GCD in PROOF - Solving the Puzzle

[CalleighMay]

GCD in PROOF??

Hey everyone,

I'm taking this course called "Number Theory" and am having a lot of difficulty with it. We're currently on "proofs" and i am having some issues.

Last week was my first weeks classes. The first day my professor jumped right into the material without giving much background. He's assigning problems left and right without giving any class examples, and the textbook seems like more of a novel than a math book.

I'm stuck on one problem. I "think" it's asking for a proof, but the directions are very unclear.

It asks:

"Tell whether each statement is true and give counterexamples to those that are false. Assume a, b, and c are arbitrary nonzero integers."

And the statement is:

"If b divides c, then (a,b) <= (a,c)."

So in english, if "c divided by b", then the GCD of "a" and "b" is less than or equal to the GCD of "a" and "c".



The back of the book lists the answer as "TRUE" but doesn't give any reasoning or proof to go along with it.

He gave us two proof examples in class using GCD and LCM etc, but i honestly don't understand them. Making up variables here and there, it doesn't look like any math I've seen before.

Here are some random facts i picked up on:

(a,b) stands for the GCD (greatest common divisor)

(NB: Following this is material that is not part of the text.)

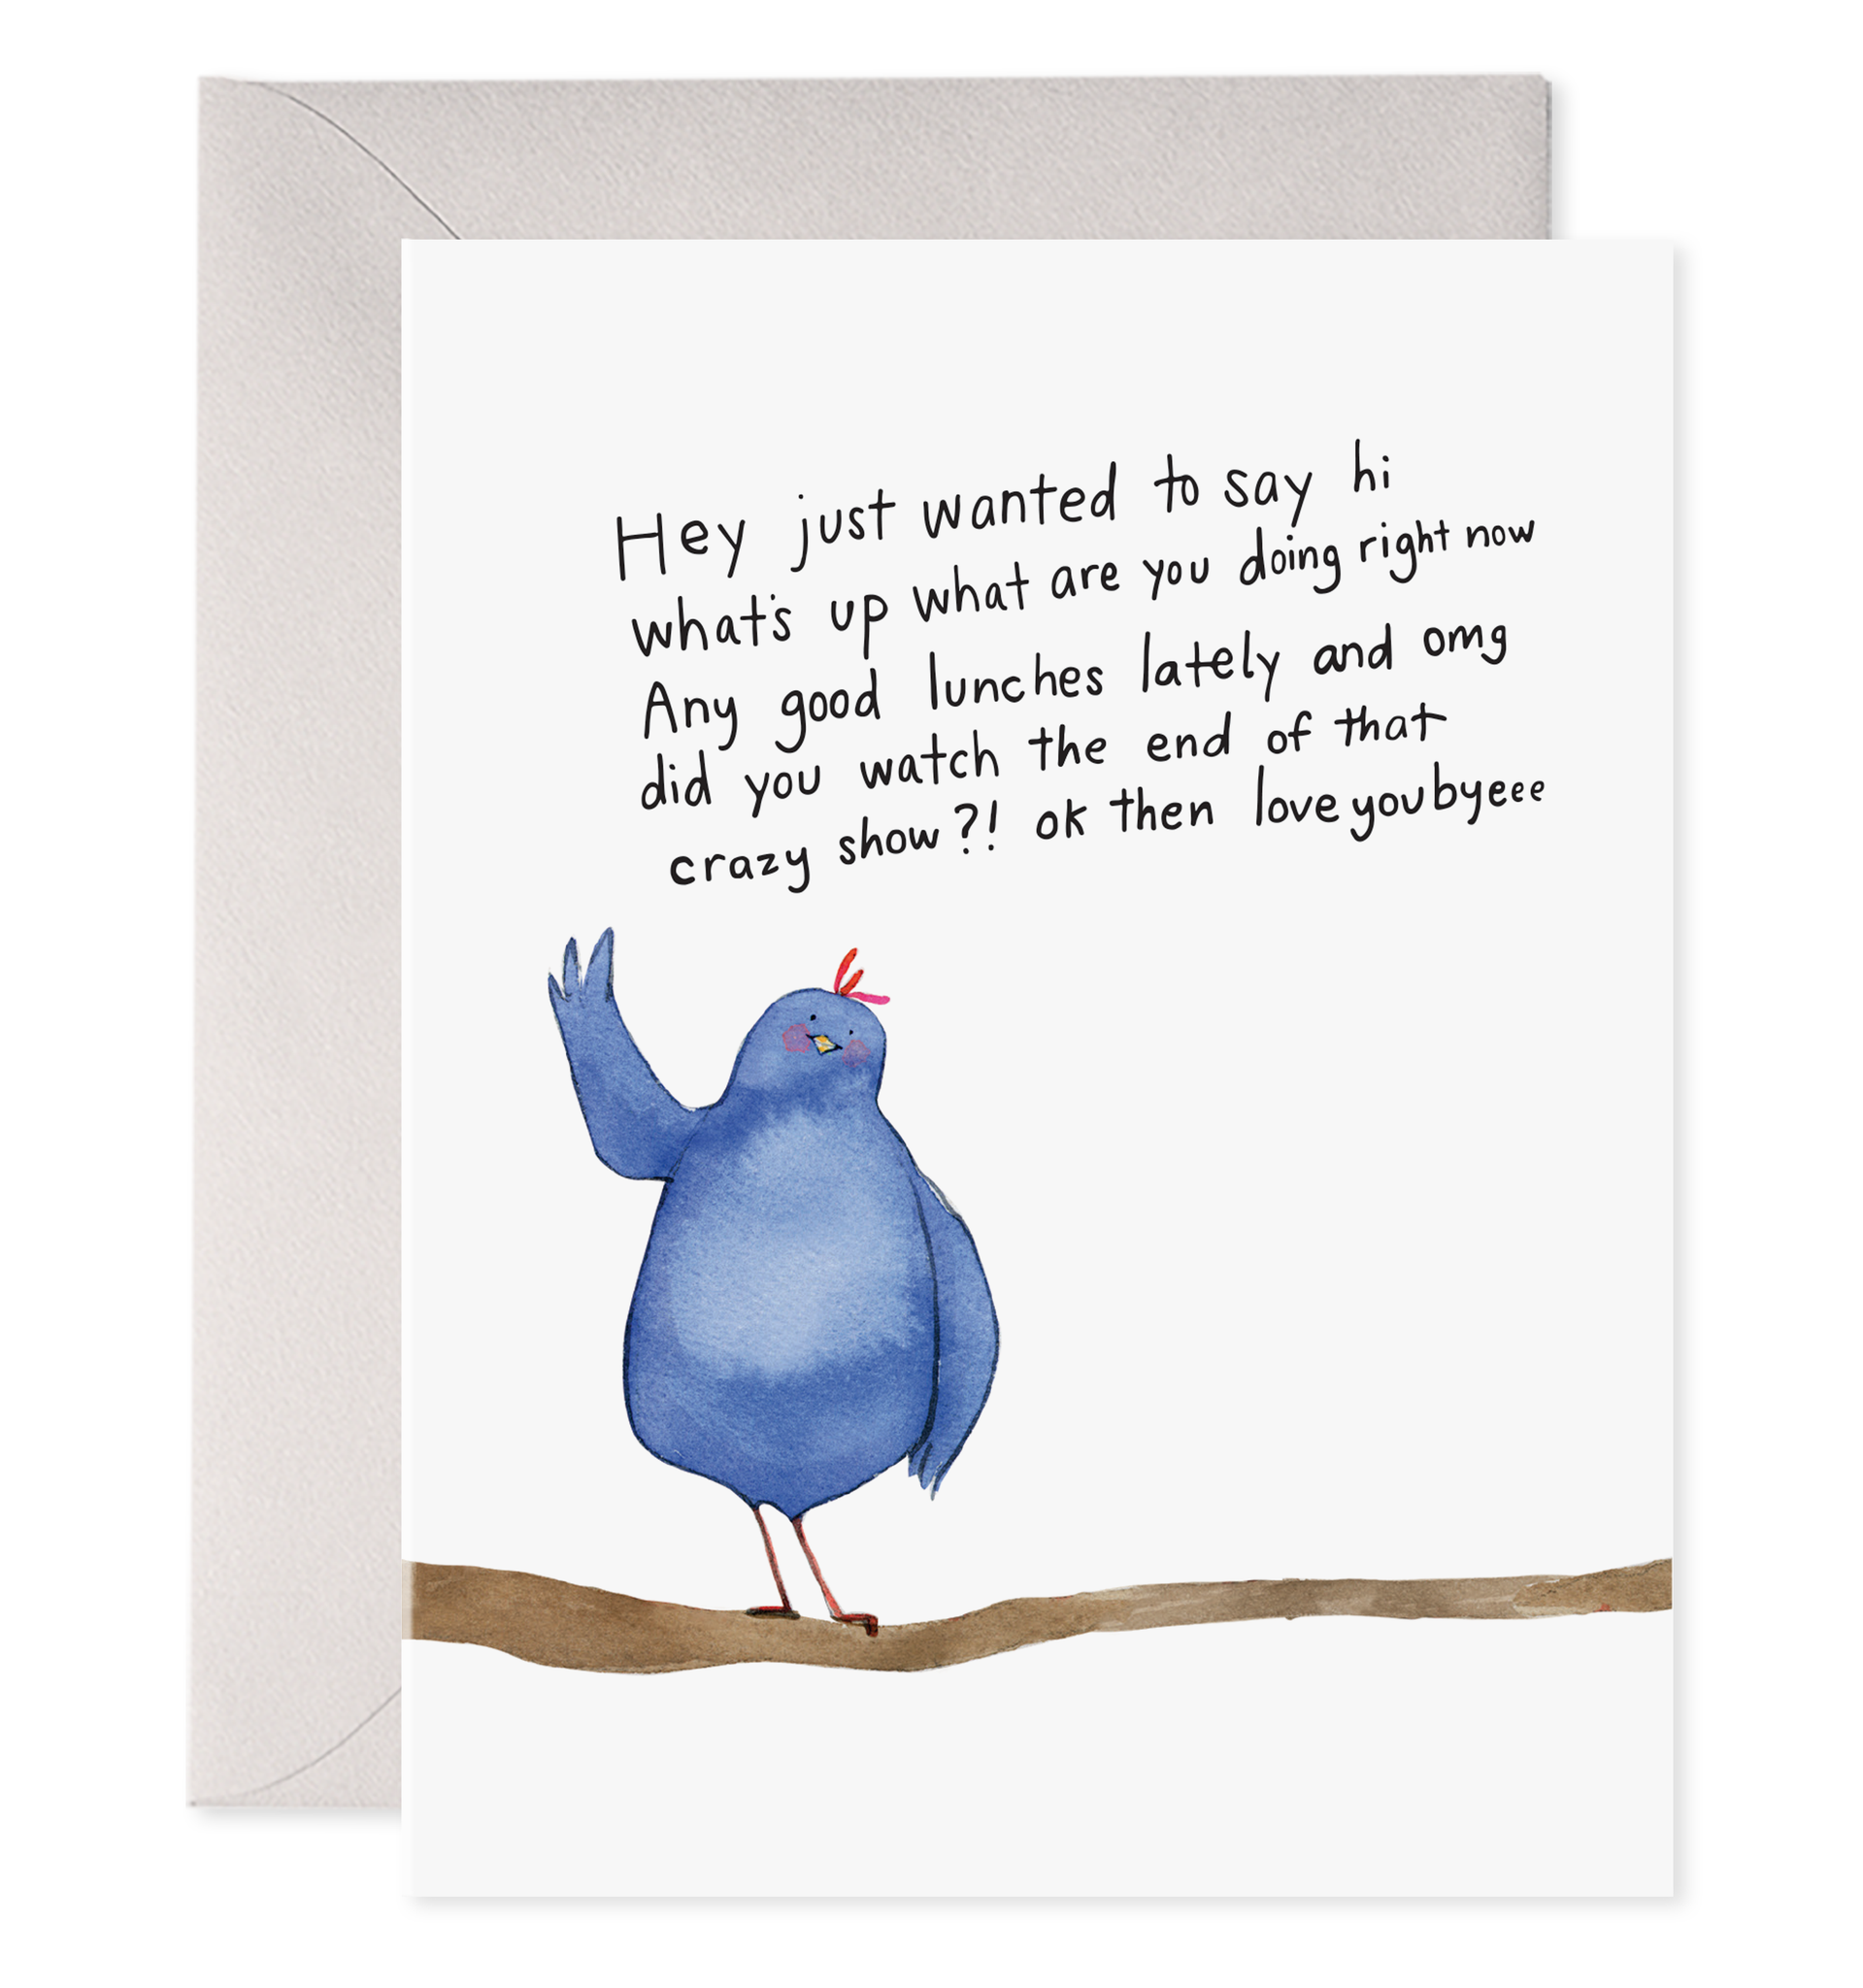 Funny Thinking of You Card, Just Because Cards for Friends, Get

[a,b] stands for the LCM (lowest common multiple)

LCM = (a x b)/GCD

LCM x GCD = a x b

[a,b] = (a x b) / (a,b)

(a,b) x [a,b] = a x b

a ( (b / (a,b)) ) = (a x b) / (a,b)

b ( (a / (a,b)) ) = (a x b) / (a,b)

Yeah, that's all i know...

Can anyone help me out with this problem? I have honestly no idea where to begin. Thanks!

 

[tiny-tim]

"If b divides c, then (a,b) <= (a,c)."

Hey CalleighMay!

(have an leq: ≤ )

Hint: if something divides a and b, and if b divides c, then … ?

 

[CalleighMay]

how do i do this by writing it out in "proof" format?

Is there a way to answer this problem as a "proof" rather than with an example?

We're not supposed to use an example, we're supposed to prove it with all those variables and everything, that shows one thing equals something and what not...




Here's an example of a proof in the fashion he wants us to write them:

"if c divides a and c divides b, then [a,b] <= ab"

Assuming this is true, the proof would look like:

We need to show that ab/c is a multiple of "a" and "b".

a = ck
b = cj ...(for ints k and j)

(ck x b) / c = bk... so ab/c is a multiple of b

(a x cj) / c = aj... so ab/c is a multiple of a

Therefore ab/c is a common multiple of "a" and "b". So it's either the lowest multiple, or a larger.
aka... ab/c = LCM ... or... ab/c < LCM

This shows that [a,b] <= ab/c




Is there a way to write my original problem in this manner using only variables etc?

 

[ramsey2879]

Is there a way to write my original problem in this manner using only variables etc?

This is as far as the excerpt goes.